For TRAEFIK_DASHBOARD_CREDENTIALS credential are hashed and for creating a user and password we need to use: htpasswd

Intall htpasswd:

sudo apt update
sudo apt install apache2-utils

Generate a user and a password for dashboard:

echo $(htpasswd -nb user password) | sed -e s/\\$/\\$\\$/g

Replace user and password with your user and password.

edit the .env and add:

TRAEFIK_DASHBOARD_CREDENTIALS=user:$$apr1$$tLd.Nb8Z$$waBGyk.kOC1/4509juGdu0

9. Create The Docker Secrets Files with Cloudflare DNS details

The API details for Cloudflare are stored in secrets so in case someone breaks into you container to not have access to them as will be the case if they are stored into a .env variable.

To create them you need to create a secrets folder with the 2 files and add them there:

Be sure you are in the traefik folder where you have the docker compose file.

mkdir secrets
cd secrets
vi cloudflare-token.secret
vi cloudflare-email.secret

10. Point the domain to Server IP

You can create an A record for your main domain that is pointing to the server IP in any DNS provider and then you can create CNAMES an wildcard redirect that will push everything to the main server.

CloudFlare API

11. Start the Docker Compose file

After DNS is pointing correctly you can go and start the docker compose file with

docker compose up -d

Usefull commands:

docker ps
docker logs traefik
docker exec -it traefik /bin/sh

12. Install Dockge to Manage You Docker Compose files

I have created in the past a detailed tutorial of how you can install Dockge but that was using the Cloudflare tunnels to get access to applications.
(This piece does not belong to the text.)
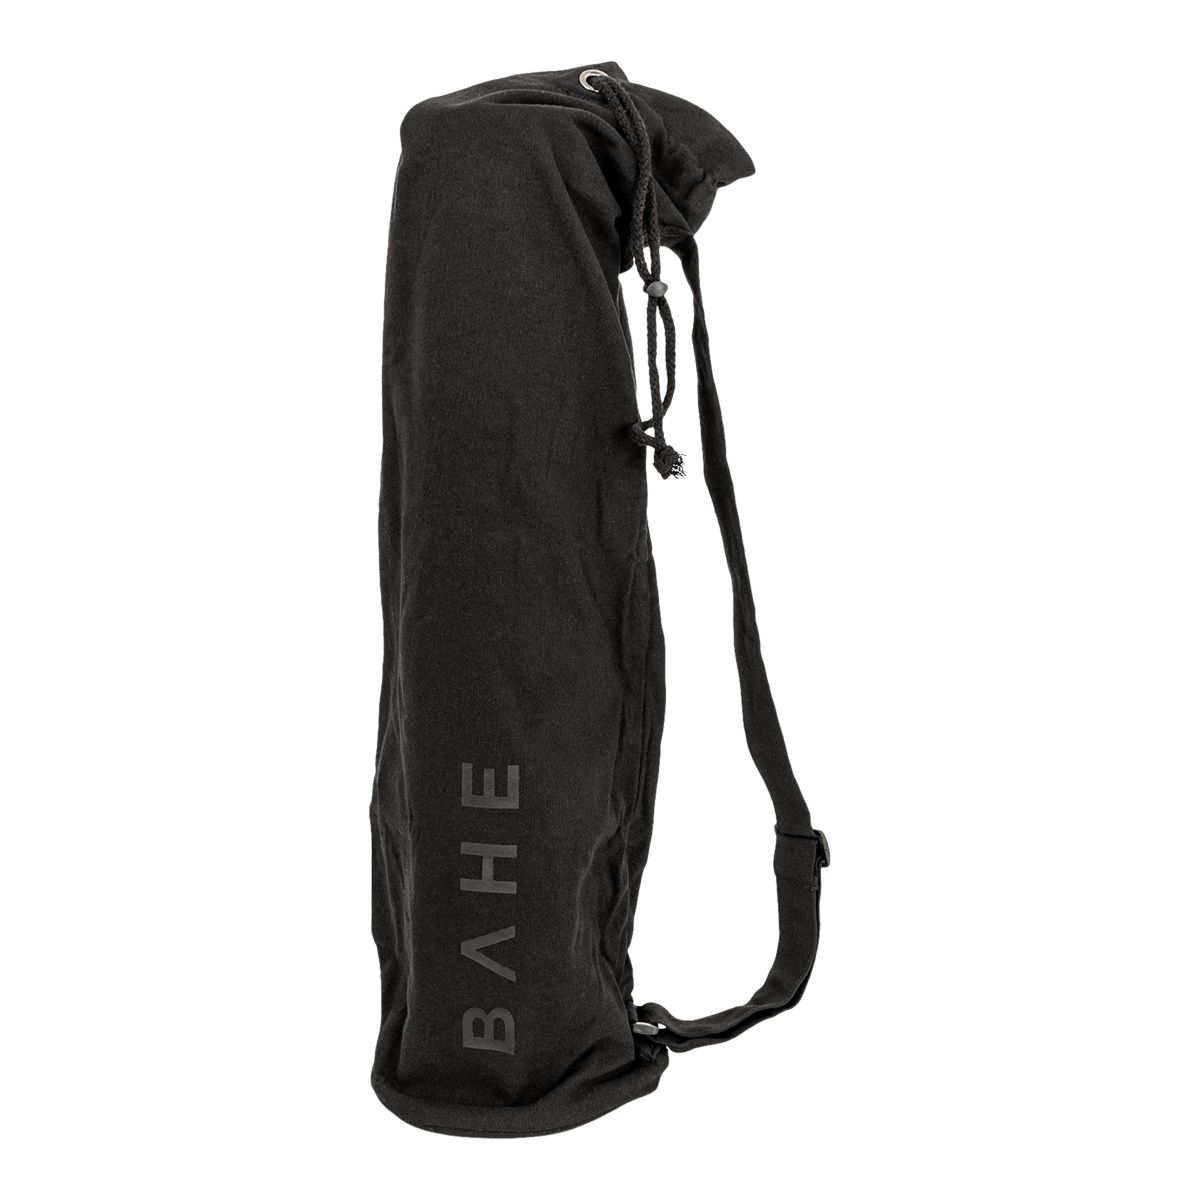 AVIVA YOGA Yoga Bag for Mat & Accessories for Women & Men – Black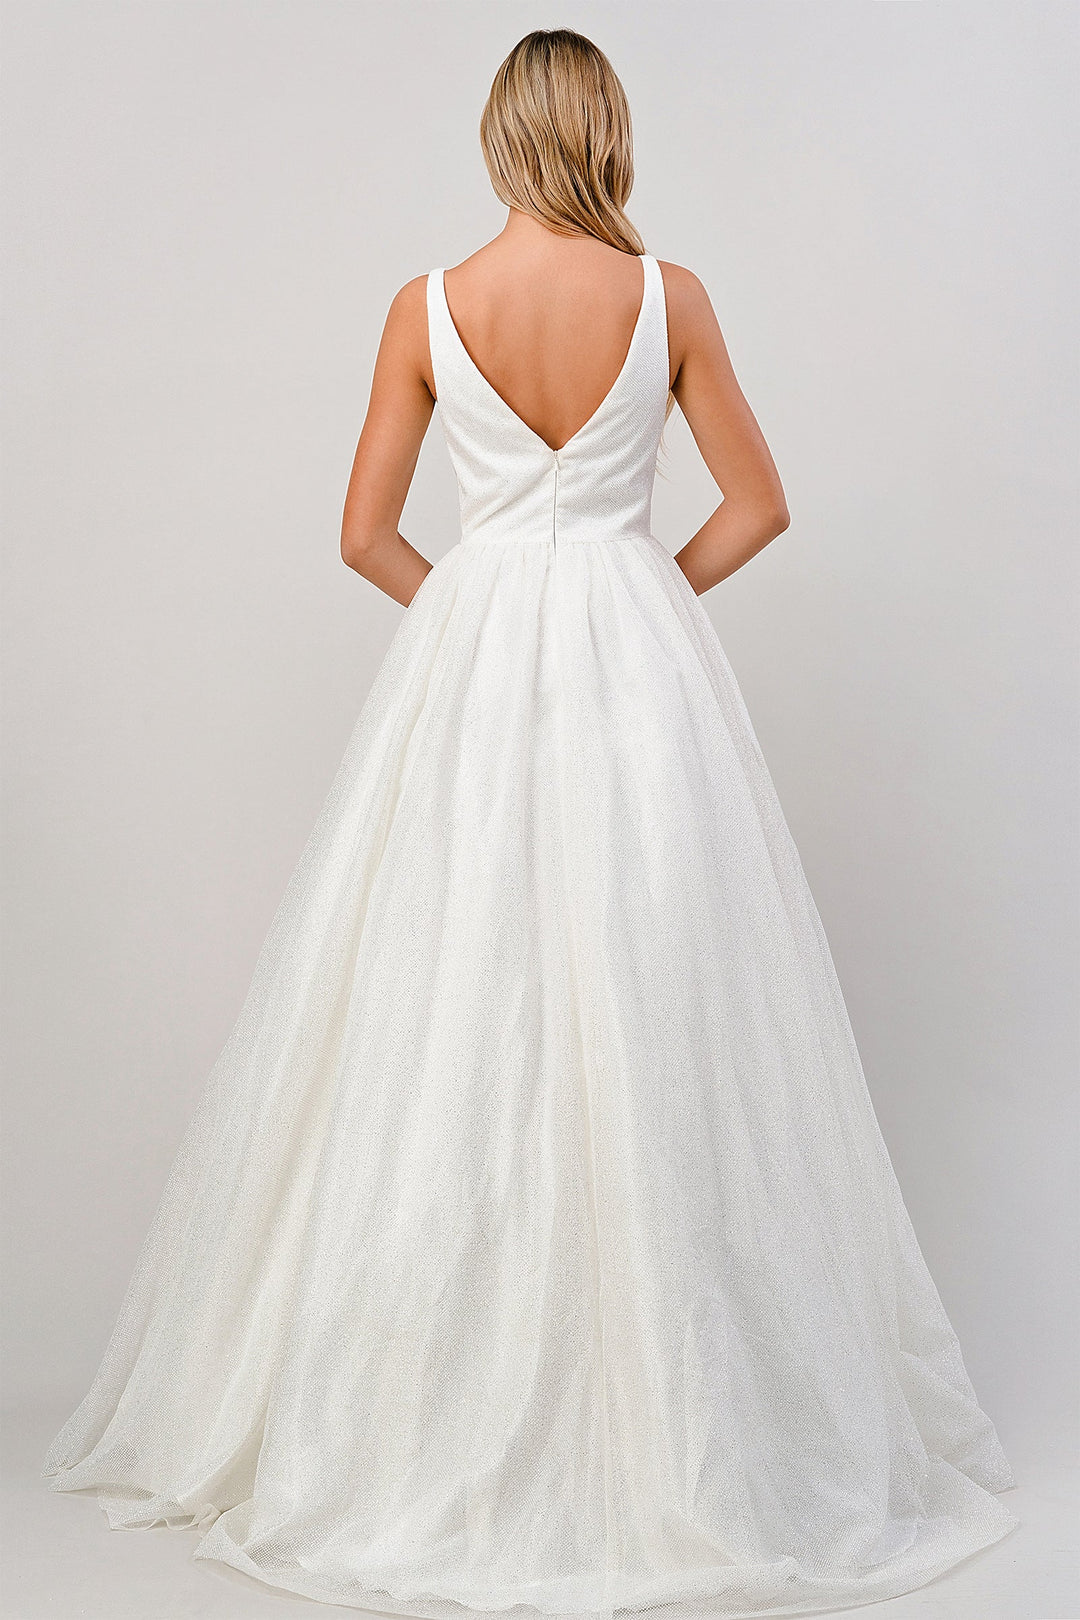 Glitter Wedding Ball Gown by Cinderella Divine CB077W

Let’s see how you can use Dockge with Traefik to manage your applications.

Make a dir for dockge:

mkdir /opt/dockge
cd /opt/dockge

Create the docker-compose.yml file with the necessary things:

services:
  dockge:
    image: louislam/dockge:1
    restart: unless-stopped
    volumes:
      - /var/run/docker.sock:/var/run/docker.sock
      - /opt/stacks:/opt/stacks
    environment:
      - DOCKGE_STACKS_DIR=/opt/stacks
    networks:
      - traefik-net
    labels:
      - "traefik.enable=true"
      - "traefik.http.routers.dockge.rule=Host(`dockge.domain.com`)"
      - "traefik.http.routers.dockge.entrypoints=https"
      - "traefik.http.services.dockge.loadbalancer.server.port=5001"
networks:
  traefik-net:
    external: true

The above docker compose file will install Dockge on top of Traefic and the containers needs to be in the initial network: traefik-net so traefik can access them. Also the container it doesn’t need the port to be exposed as is added in the labels for traefik.

Traefik Labels:

  • traefik.enable=true: Enables Traefik for this container.
  • traefik.http.routers.dockge.rule=Host(dockge.domain.com): Sets the hostname for accessing Dockge.
  • traefik.http.routers.dockge.entrypoints=https: Specifies that Dockge should be accessible via the HTTPS entrypoint.
  • traefik.http.services.dockge.loadbalancer.server.port=5001: Tells Traefik that Dockge is listening on port 5001 inside the container.

Bring Dockge Up:

docker compose up -d

Conclusions

That’s the complete steps that you need to do to have Traefik configured to use a FREE Let’s Encypt wildcard certificate. All commands have been tested and working good. You can enable the configs in Traefik and the renewal and everything will be handled by Traefik.